PARIS: When the email landed to say they had been selected to be among the very few spectators allowed into Roland Garros this year, Jean-Baptiste Guinchard and his sister Anne-Lise were so astounded to have luck that good that they immediately went out and bought lottery tickets.
As it turned out, their lottery picks weren’t winners. But the siblings still counted themselves hugely fortunate to have been among the privileged few in attendance for the mostly weird, partly wonderful start Sunday of the French Open, pushed back from May-June to an unfamiliar autumn slot and robbed of nearly all its spectators by the coronavirus.
Ticket-holders, capped at just 1,000 per day, found themselves disconcerted, lacking bearings, as they rattled almost alone around the usually jam-packed Roland Garros tournament site on Paris’ western fringes, with a luxury of empty seats and their pick of matches to choose from.
With hardly anyone to cater to, food and drink stalls were closed and usually crowded aisles were empty, giving the place the feel of a damp and deserted out-of-season resort.
It’s surreal, so strange, said Jean-Baptiste Guinchard, a theater actor. There is no atmosphere.”
Still, he and his sister were still of the glass-half-full opinion that even an unrecognizable French Open was better than no French Open at all. That was the route taken by Wimbledon, canceled this year.
The siblings milked the unique experience by roaming the grounds, watching games here, points there. When first informed Friday that their tickets were still valid, among those picked out in the organizers’ draw, the sister said it felt like the planets are aligned prompting their subsequent decision to then also buy lottery tickets.
Sport, I missed it so much in lockdown, she said. For people’s well-being, it’s important.
But huddling against the cold in the central Philippe Chatrier arena, under its airy new roof that kept its clay court dry when rain stopped play elsewhere, Camille Criton wasn’t so sure that the two-week Grand Slam tournament should still be going ahead amid France’s worsening epidemic.
She, too, had considered herself so lucky when told that she been picked among those still allowed to attend. Organizers, just three weeks ago, were hoping for 11,500 spectators per day. But as the nationwide daily count of new virus cases soared, that was cut to 5,000 and then, last week, to 1,000. They include 750 drawn by lottery and the rest either sponsors guests or VIPs.

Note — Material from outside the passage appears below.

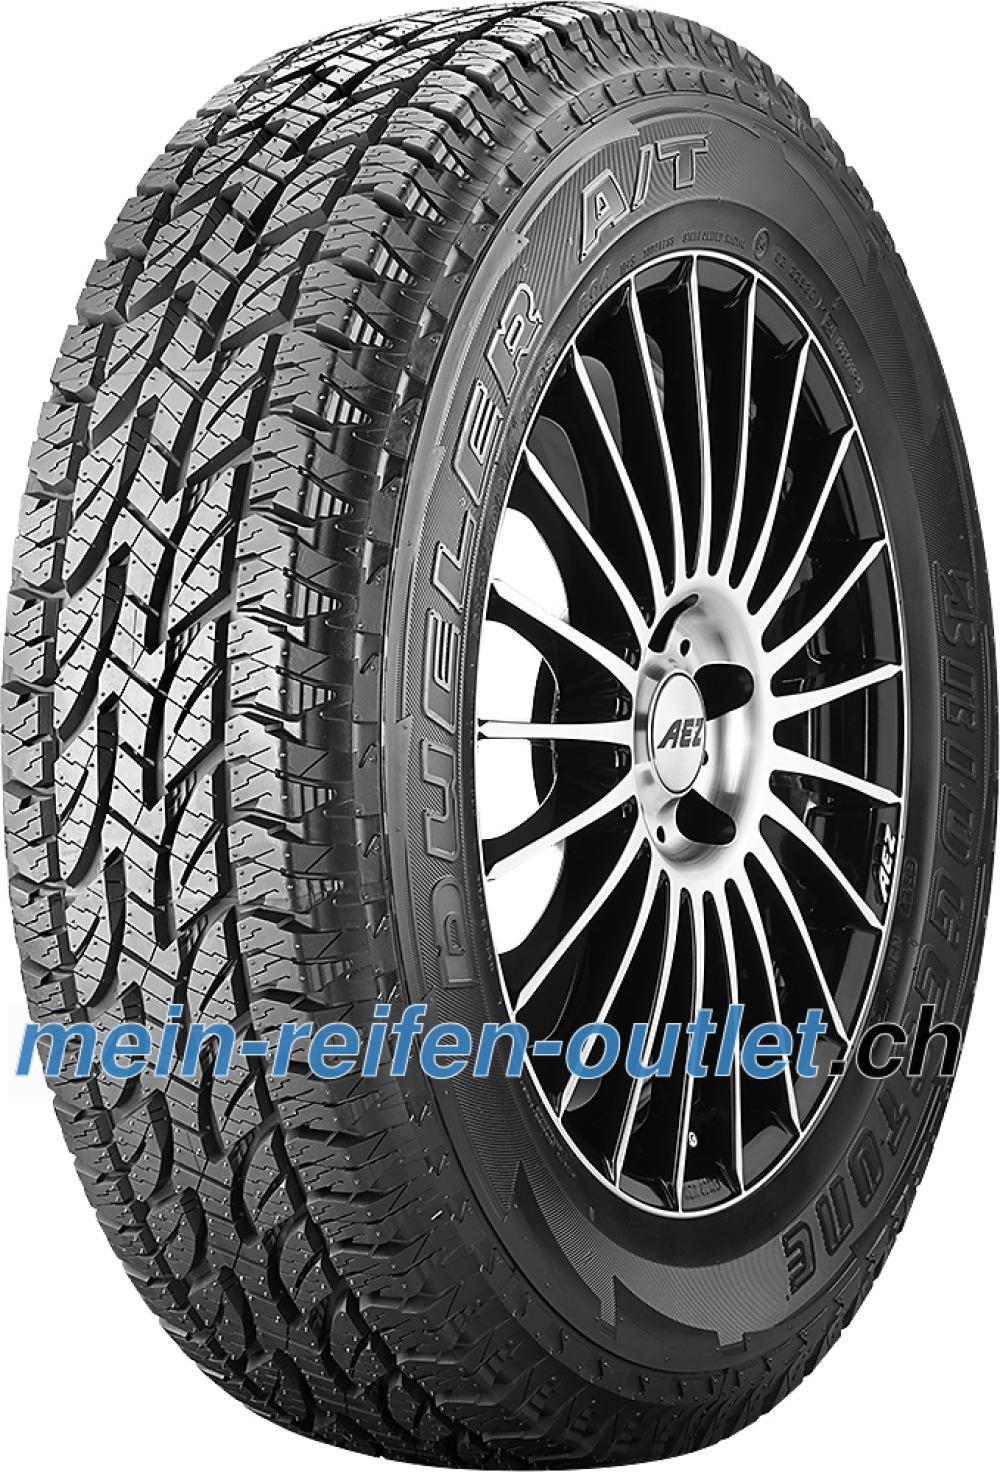 Bridgestone Dueler A/T 694 ( 215/70 R16 100S , mit Felgenschutz (MFS) RBL )
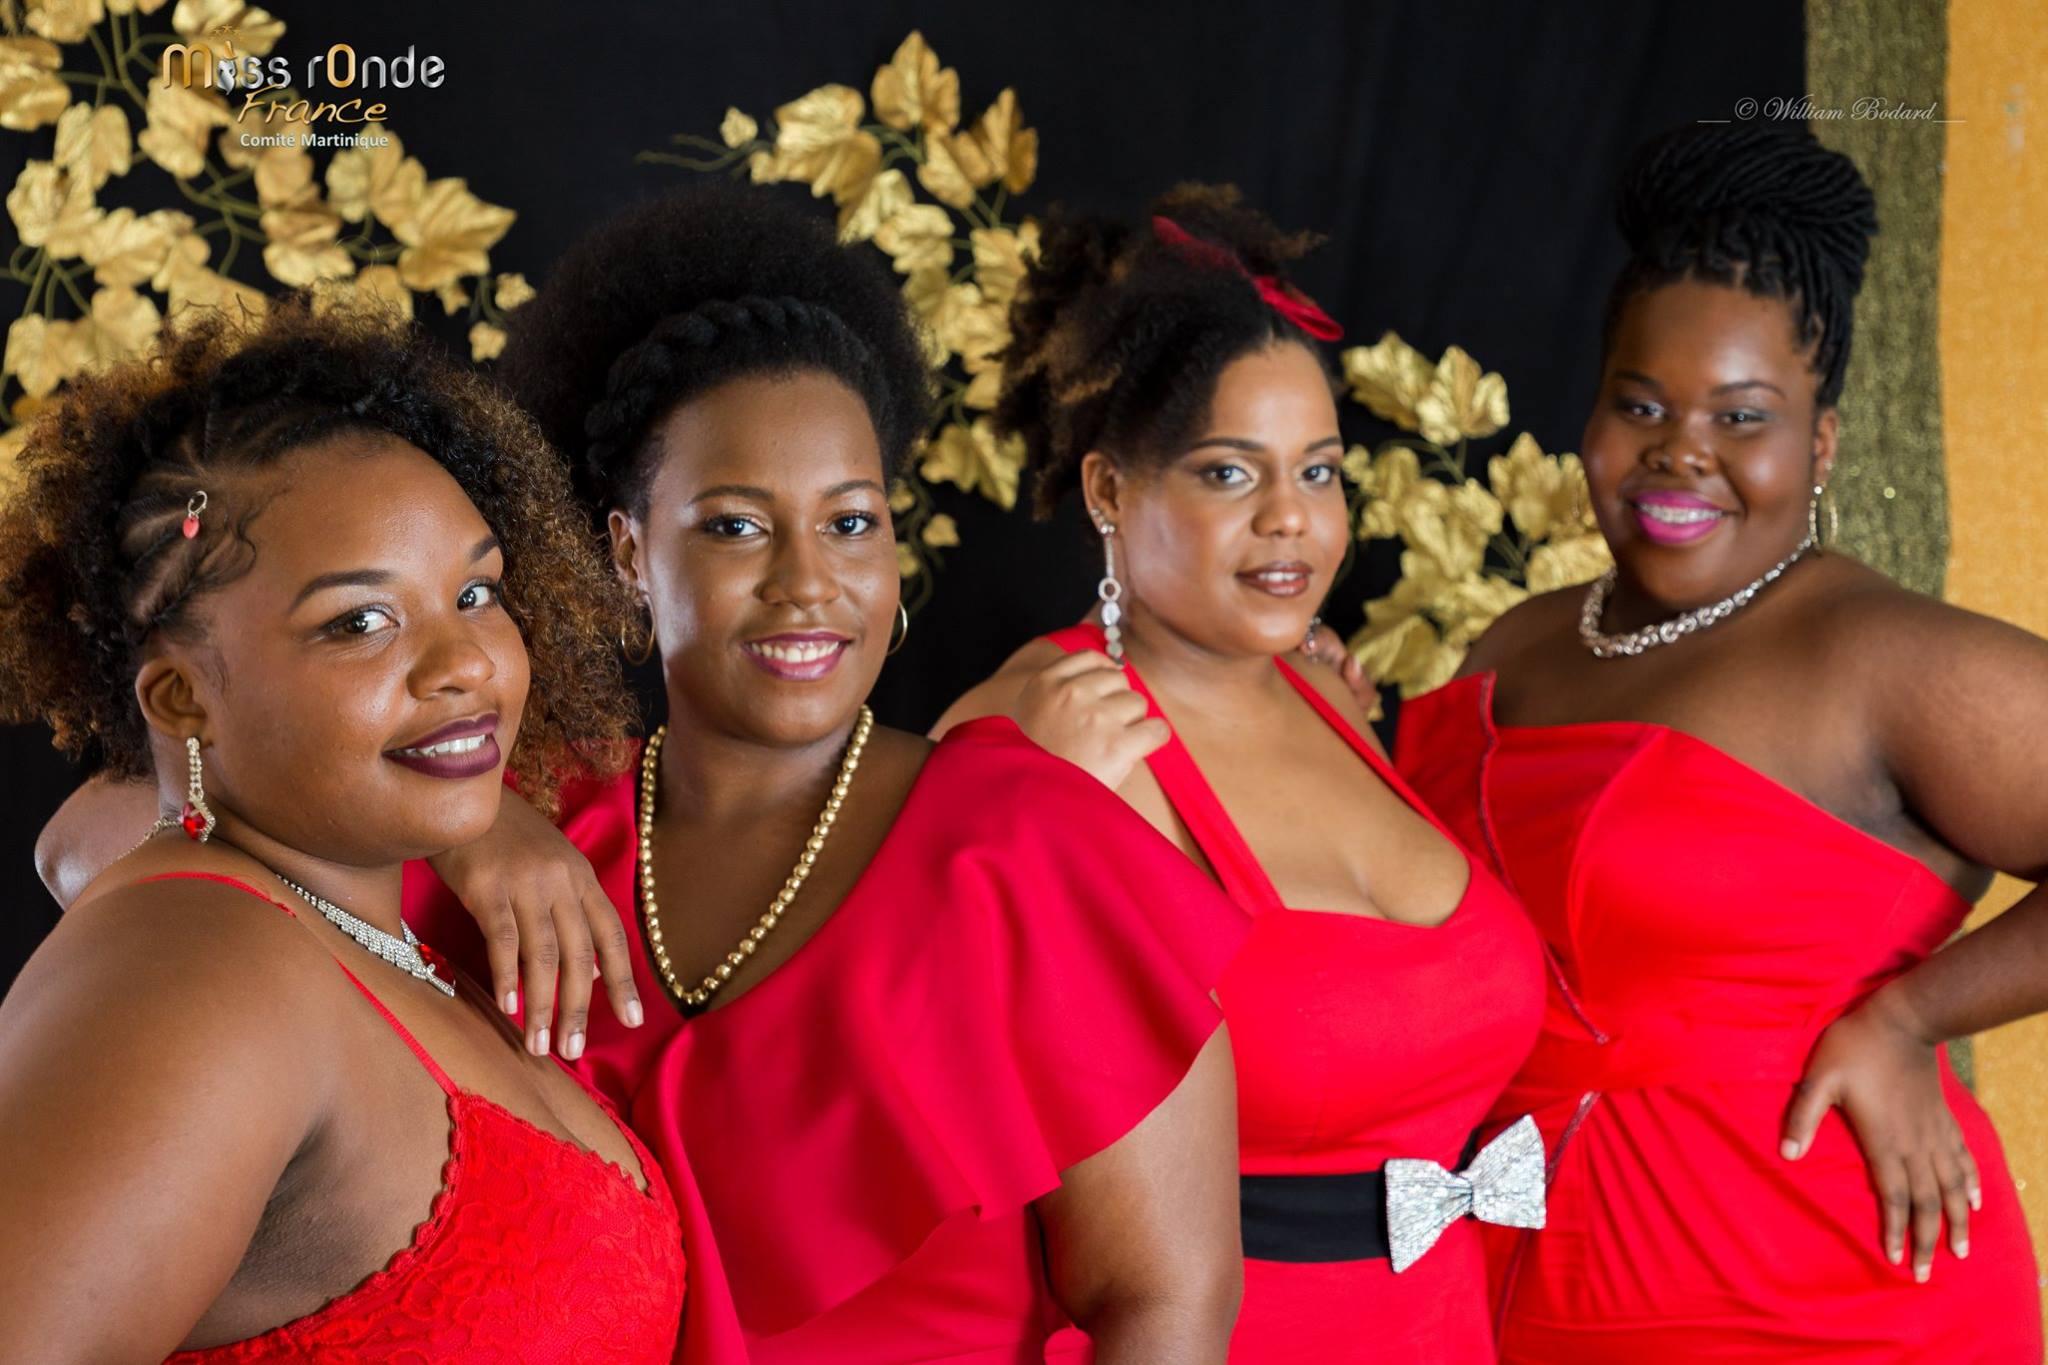 concours miss ronde comite Martinique 2018 candidates¨Priscilla Samantha Annaelle Klarys.jpg

But Roland Garros with face masks, hand gel, mostly empty seats and hostile weather turned out not to feel like Roland Garros at all for Criton, a 27-year-old marketing executive. After watching 19-year-old Italian Jannik Sinner beat David Goffin in the first match on Chatrier, with roughly 400 spectators in the stadium built for 15,000, she said: “Its not at all the same. Its only half Roland Garros.
“It should have been canceled, she said.
Still, Sinner was grateful for the thin applause that echoed around the cavernous space. He said tennis needs crowds.
Venus Williams agreed, after a handful of people watched her lose 6-4, 6-4 to Anna Schmiedlova on the smaller Simonne Mathieu court.
At this point, grateful for any fans that are here,” Williams said. “Miss them desperately.
Wrapped up warm against the stiff breezes, spectator Arnaud Cecillon reveled in the intimacy of sharing Roland Garros with so few other people, so much so that its like being a member of staff.”
On Court 7, he was able to get up close to see 21st-seeded John Isner beat French wild card Elliot Benchetrit in straight sets, without the need to elbow through crowds.
“It’s a strange mix,” he said. Sad on the one hand for the players. But also a chance to see things we don’t usually see, that we don’t have access to.